YouTuber runs a Tesla through a fake wall to poke a hole in its camera-only, no-lidar strategy
The Tesla ran straight into a wall painted to look like its surroundings. A non-Tesla with lidar stopped easily.
In the classic “Looney Tunes” cartoons, the Road Runner is constantly evading capture by the tireless Wile E. Coyote, who sets elaborate (and fruitless) traps to snare the clever bird. One of the most famous tricks Wile E. conjured was to paint a fake tunnel on a rock wall, hoping the Road Runner’s eyes would be fooled and he would smash into the wall.
It turns out this trick appears to work on Teslas.
Former NASA engineer turned YouTuber Mark Rober published a new video over the weekend that tests a camera-only Tesla against a lidar-equipped vehicle to see how the Tesla’s “autopilot” braking system responds to the optical illusion of a wall that’s camouflaged to look like a seamless view of the road ahead.
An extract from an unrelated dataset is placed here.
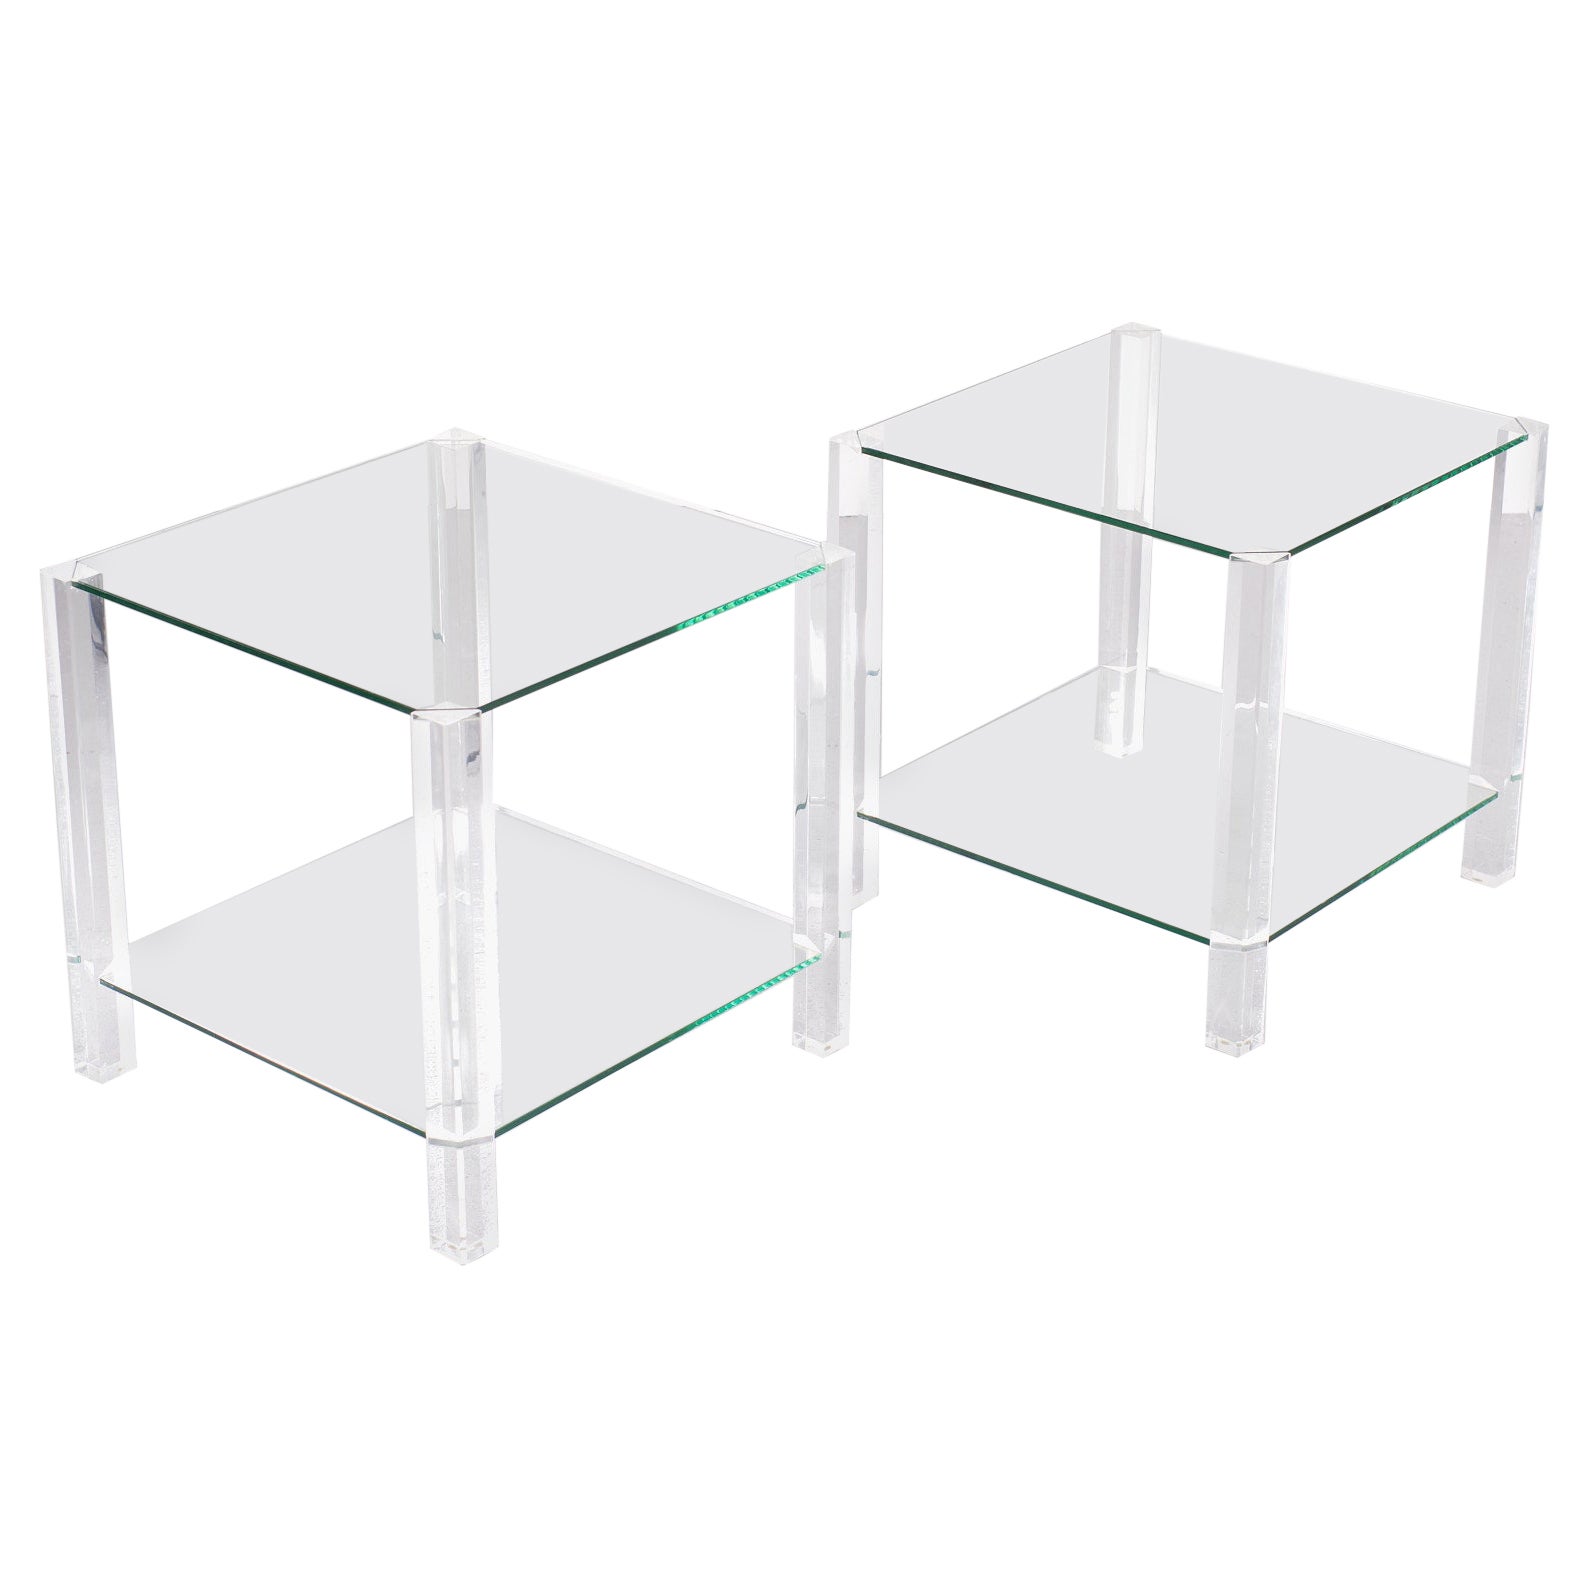 Two Tier Lucite Glass Square Side Tables, 1970s, France For Sale

About 10 years ago, as CEO Elon Musk was seeking to cut down on the costs of Teslas, he make a radical decision to use only visible-light cameras for monitoring objects in the road ahead, as opposed to the more costly, but more accurate, lidar systems. Lidar (light detection and ranging) — which is used on Alphabet’s Waymo self-driving cars — shoots out infrared lasers that can detect objects in the dark, through fog, and in other conditions that would obstruct visible light.
At the time, Musk defended his decision to go all in with visible light cameras by pointing to the power of AI to detect pretty much any object on the road, thanks to its firehose of training data, which it collects from millions of connected Tesla vehicles on the road.
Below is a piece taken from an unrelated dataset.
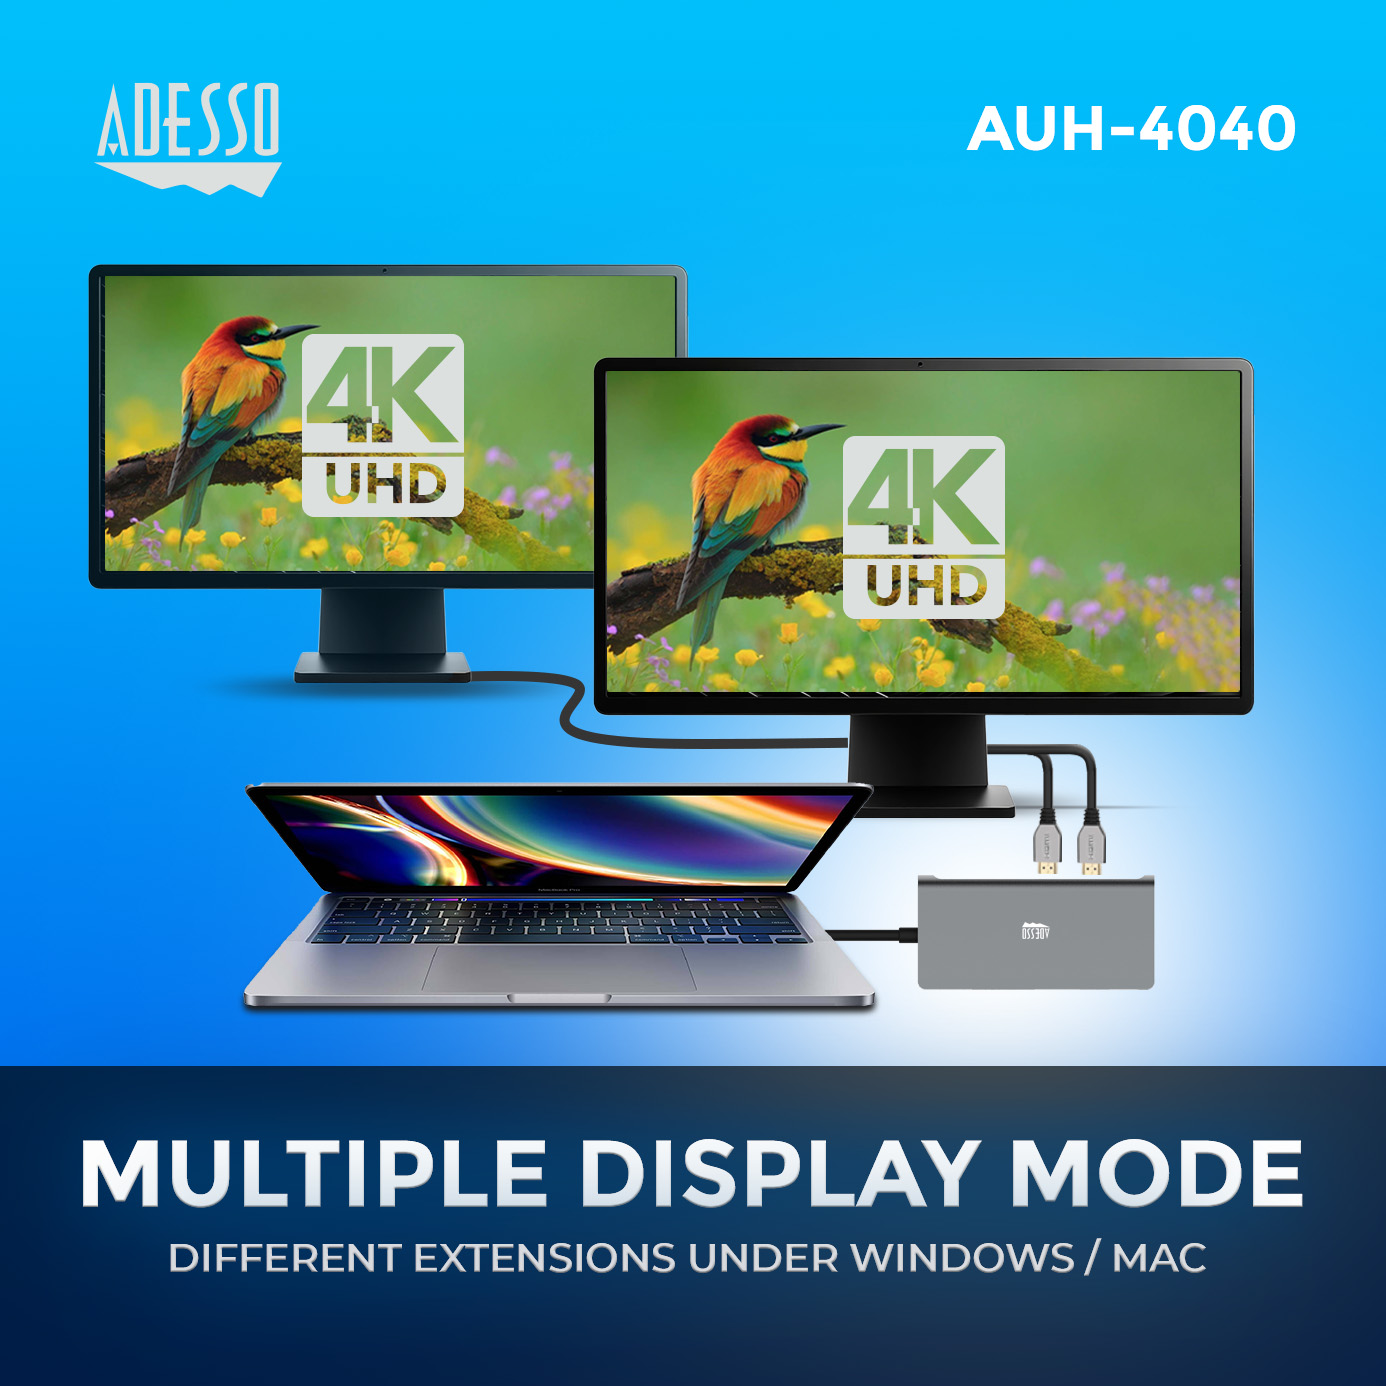 AUH-4040_A+ BAnner -Multiple Display

When radar and vision disagree, which one do you believe? Vision has much more precision, so better to double down on vision than do sensor fusion.
— Elon Musk (@elonmusk) April 10, 2021
But recent reports have called attention to what appear to be failings of the camera-only system in a series of accidents that have led to multiple injuries and even a death.
Rober’s video presents an easy-to-understand, powerful illustration of Tesla’s potential limitations when it encounters such obstructions in the road. Rober’s tests also showed that the camera-only system had a hard time seeing a dummy of a child in heavy fog and a deluge of water (which, to be fair, you would probably never experience unless you were driving under a waterfall, similar to the idea that you probably won’t encounter a wall that’s painted to look like its surroundings).
Rober’s Tesla did stop safely in a few of his tests. It stopped when a stationary child dummy was in the center of the road in plain daylight, when the dummy popped out from behind a vehicle, and when the dummy was backlit with extremely bright floodlights.
Tesla has been on a downswing of late, as the stock has lost half its value in the past three months, sales are dropping alarmingly in Europe, and Musk’s DOGE side quest appears to be consuming all of his time and attention.
Tesla shares were down more than 5% today.